◆ Brief
From the listing that follows, reproduce only the lines from the one holding "Destination image of Amérique centrale" through the one holding "Increble Decoracin Halloween", both included, with no pictures.

◆ Material for this task
== Segment start ==
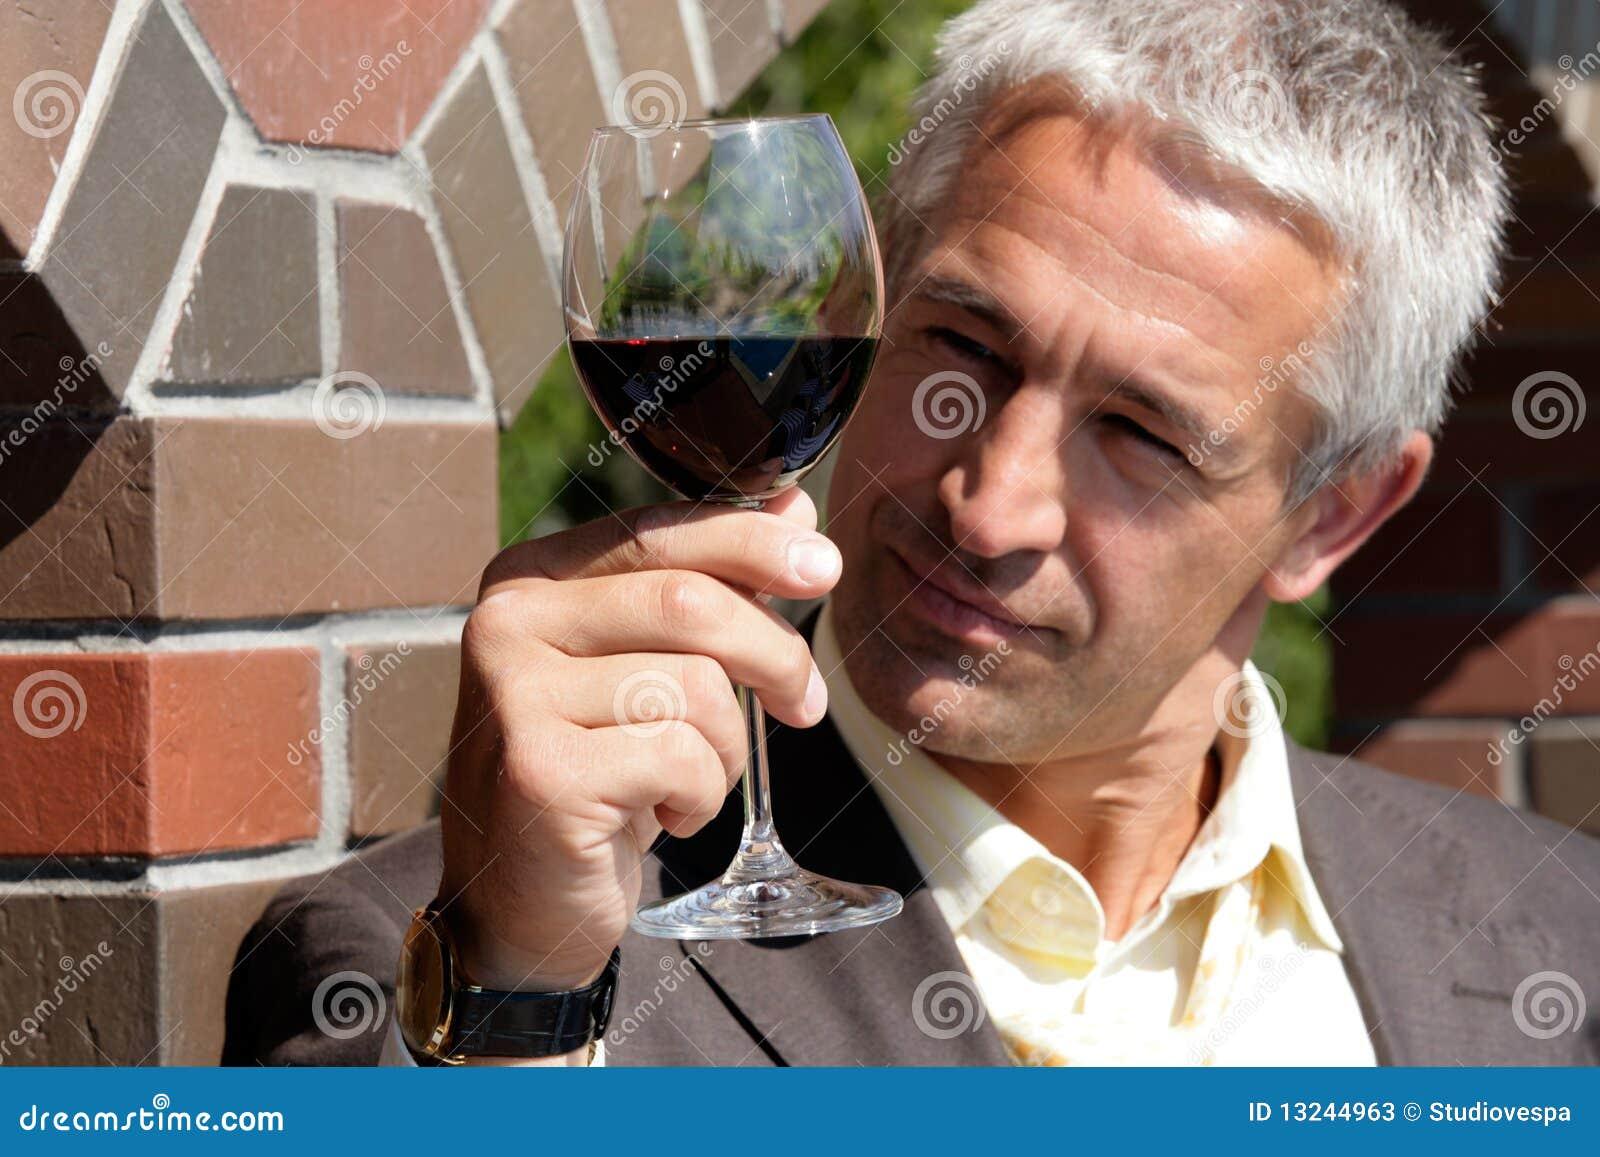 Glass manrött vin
== Segment end ==
== Segment start ==
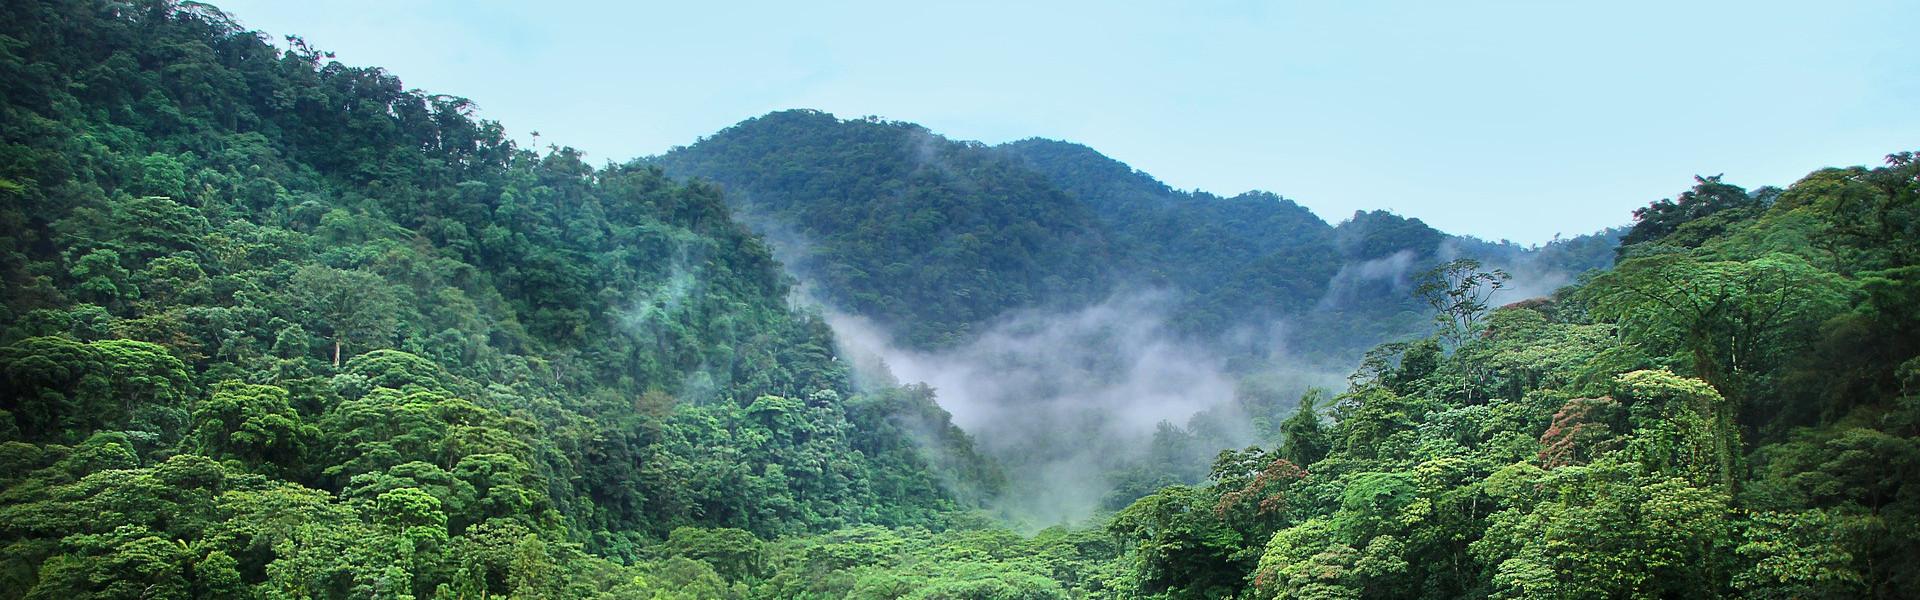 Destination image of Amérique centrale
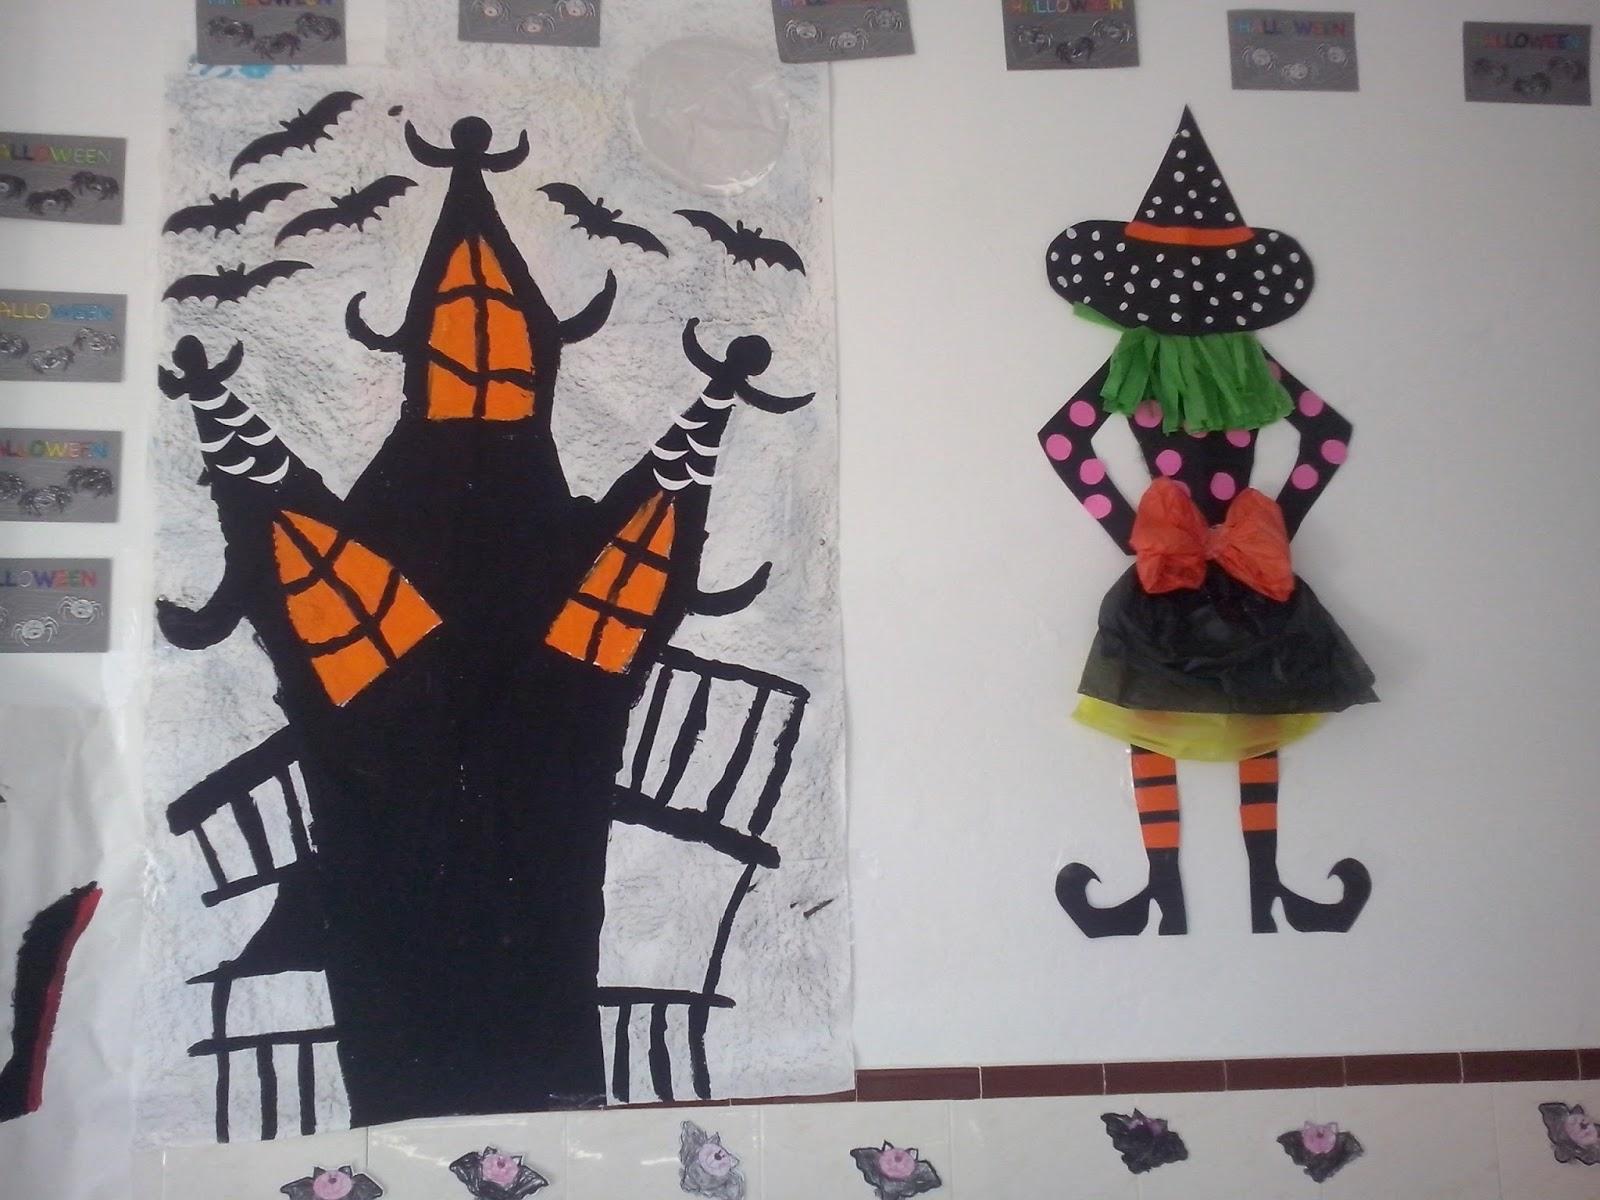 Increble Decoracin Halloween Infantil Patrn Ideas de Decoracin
== Segment end ==
◆ Task response
 Destination image of Amérique centrale
 Increble Decoracin Halloween Infantil Patrn Ideas de Decoracin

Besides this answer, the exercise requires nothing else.